Arbitrary nonsense, and bad worldbuilding practice, unless you're maybe running a one shot or short limited campaign for strangers. Most people don't play with strangers as their primary play experience, so most of the discussion will naturally not take that scenario into account. It's neither the norm nor the ideal. But even when I ran DnD for kids at the public library, before Covid, I'd consider it a weakness as a worldbuilder and a storyteller to intentionally create a world scenario in which I "can't" add anything to the region of play.
Wow. So a place like Shadowfell is "arbitrary nonsense" and "bad worldbuilding." Good to know.
Only acceptable in very tightly themed campaigns, and even then I'm gonna rib the DM a bit for not being able to past their own associations and see tabaxi as more than anime catgirls.
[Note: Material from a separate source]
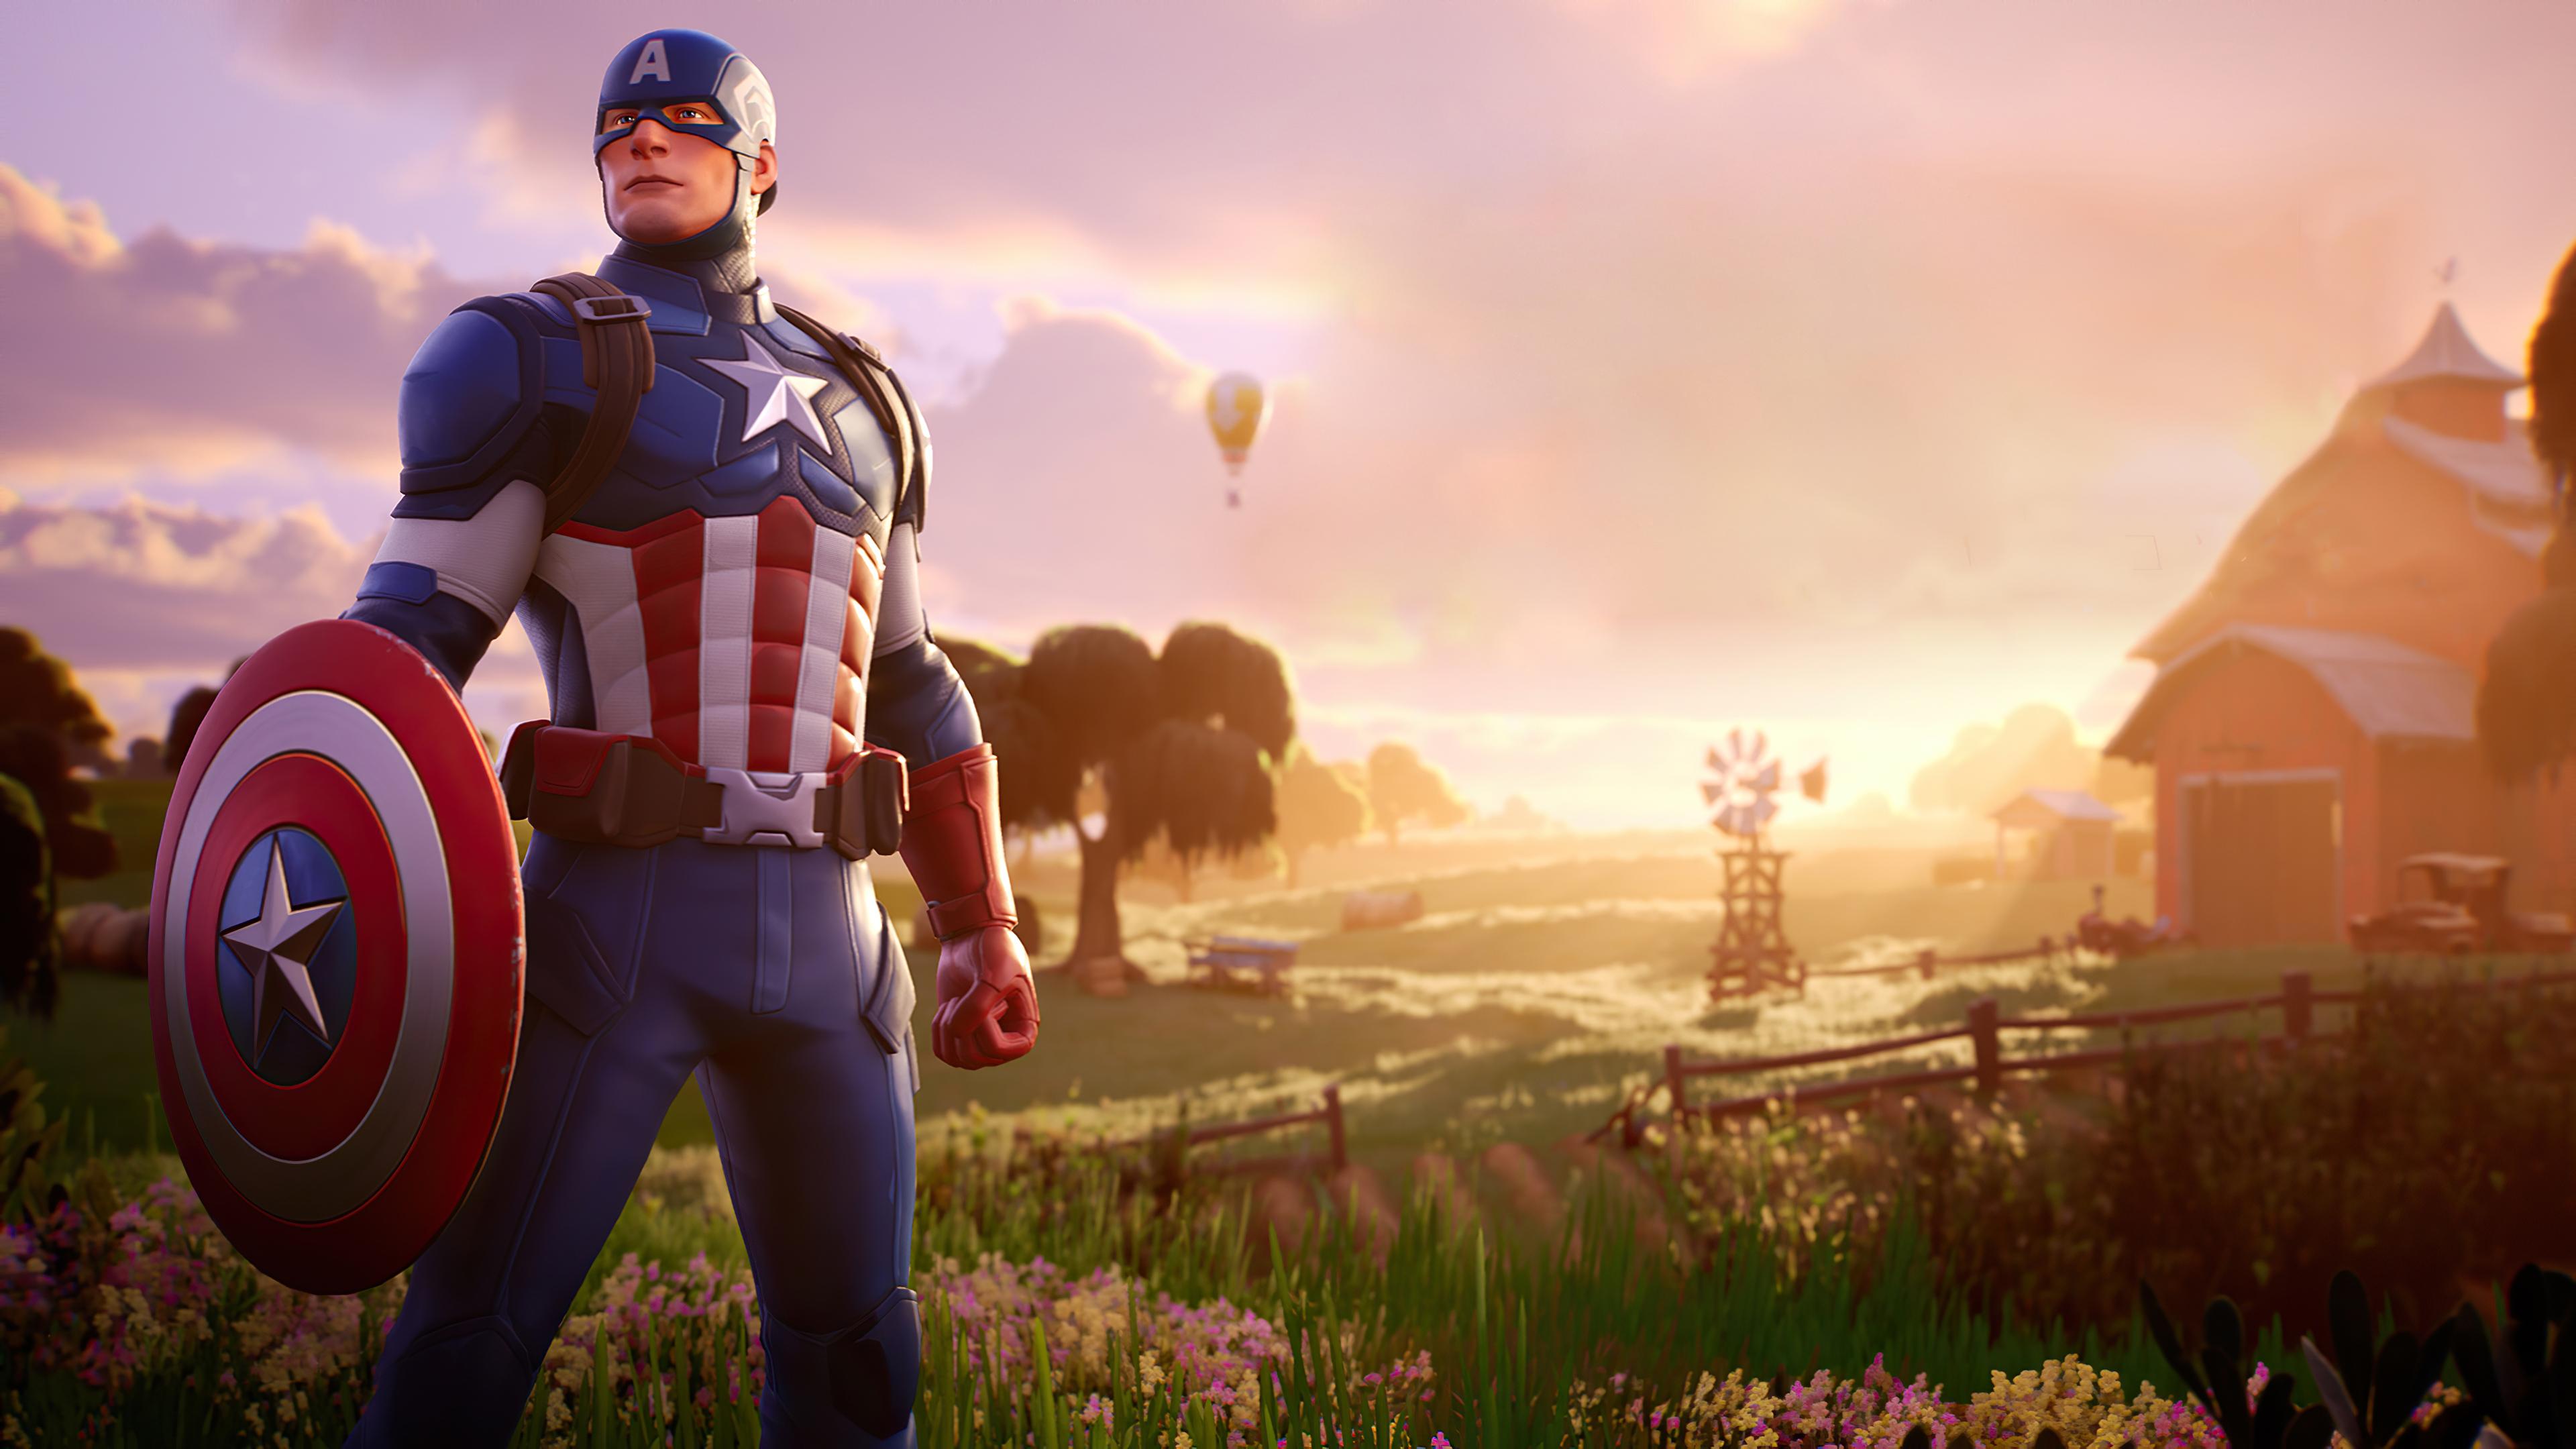 Wallpaper 4k Captain America Fortnite Captain America Fortnite 4k Wallpapers Captain America Fortnite Wallpapers

I won't be a jerk about it, but the occasional joke will be made. In a less tightly themed game? Nah. Get over it. It shouldn't matter that you dislike tabaxi. If a person can't have fun running a game with a single race they dislike, i don't trust that person to even be fun to be around, much less run a game well.
I wouldn't disagree here. I wouldn't make jokes either. But, sure, people have their own preferences.

I think what is very clear here is you feel the DM should allow races almost all the time. The DM should just glaze over the internal logic they may have built for their world. The DM should placate the players by not placing environments that exclude one of the players because of the player's choice. And the DM should keep their world as open as possible. And if they do not they are "edgelords-unimaginative-arbitrary- bad worldbuilders." Does this sum up your view?